He repeated one of his most common refrains, for example, that before the pandemic struck, his administration built “the greatest economy in history.”

Coming into the year, the Trump team aimed to make that argument the spine of its reelection pitch to voters. And it’s true, as Reuters’s Howard Schneider writes, that before the coronavirus forced an economic shutdown, “record-low unemployment and rising wages were helping the less well-off, while a record stock market buoyed richer Americans.”

In the first half of his term, Trump’s signature tax cuts and a major spending package gave the economic expansion he inherited a turbo-boost of fiscal stimulus. But as they faded, and Trump launched a multi-front trade war that weighed on investment and spending by businesses, growth slowed from 2.9 percent in 2018 to 2.3 percent last year, well short of the 3 percent pace he promised to lock in, at a minimum.

And even if Trump had lived up to his pledge to maintain a 3 percent pace, it would have fallen short of the roughly 4 percent growth in the second half of the 1990s — as well as a mid-1980s boom.

Judged on a more recent timeline, from the beginning of the Obama administration, pre-pandemic growth under Trump has merely followed the trend — contrary to Trump’s claim in the debate that after his 2017 tax cuts, the economy “boomed like its never boomed before”:

Similarly, job growth during Trump’s first term mostly continued apace from the Obama years until the pandemic hit.

Skipping over the worst of the damage from this year’s recession, Trump i pointed to “10.4 million in a four-month period that we’ve put back into the workforce.” But as the chart suggests, Trump is on track to finish his term with fewer jobs than when he took office. 

Biden said that would make Trump the first president in history to do so. Yet Bureau of Labor Statistics data only go back to the middle of Franklin D. Roosevelt’s administration in the late 1930s. 

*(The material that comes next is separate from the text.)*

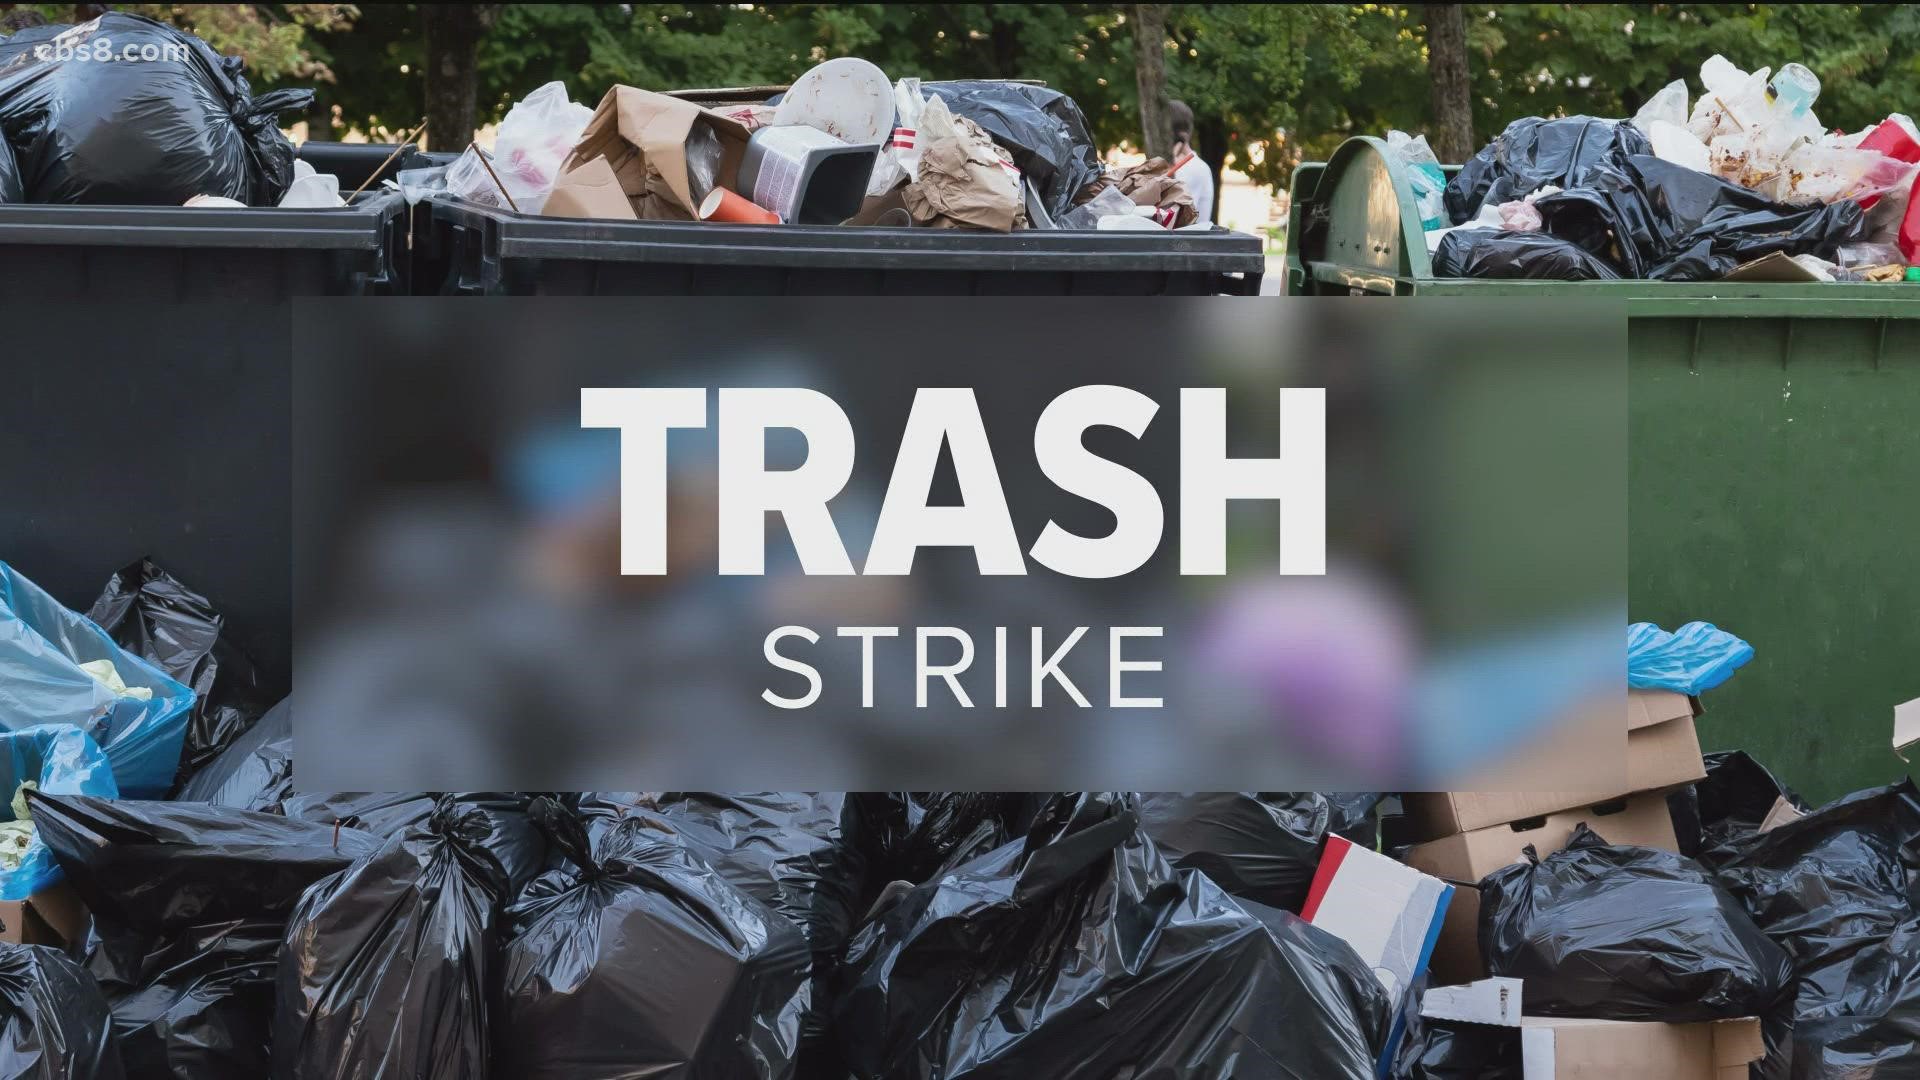 Councilmember Galvez said because Republic Services has failed to fulfill its obligation to pick up the trash, the city will now put its own measures in place.

Trump pledged to set records in the other direction. As a first-time candidate in 2016, he promised to put the country on track to add 25 million jobs in a decade, which would have been the most of any president.

Both candidates overstated their attacks on the other’s record on jobs in manufacturing.

In his first run, Trump emphasized he would revive manufacturing jobs as his campaign targeted — and won — typically Democratic strongholds in the industrial Midwest.

Biden on Tuesday said the sector “went in a hole” under Trump even before the economic crisis this year. Trump countered that Biden and the Obama administration “brought back nothing. They gave up on manufacturing,” while he “brought back 700,000 jobs.”

Both claims were inaccurate. The economy added roughly 500,000 manufacturing jobs in Trump’s term before the pandemic. Since the economic crisis, however, employment in the sector has dropped to levels not seen since 2014.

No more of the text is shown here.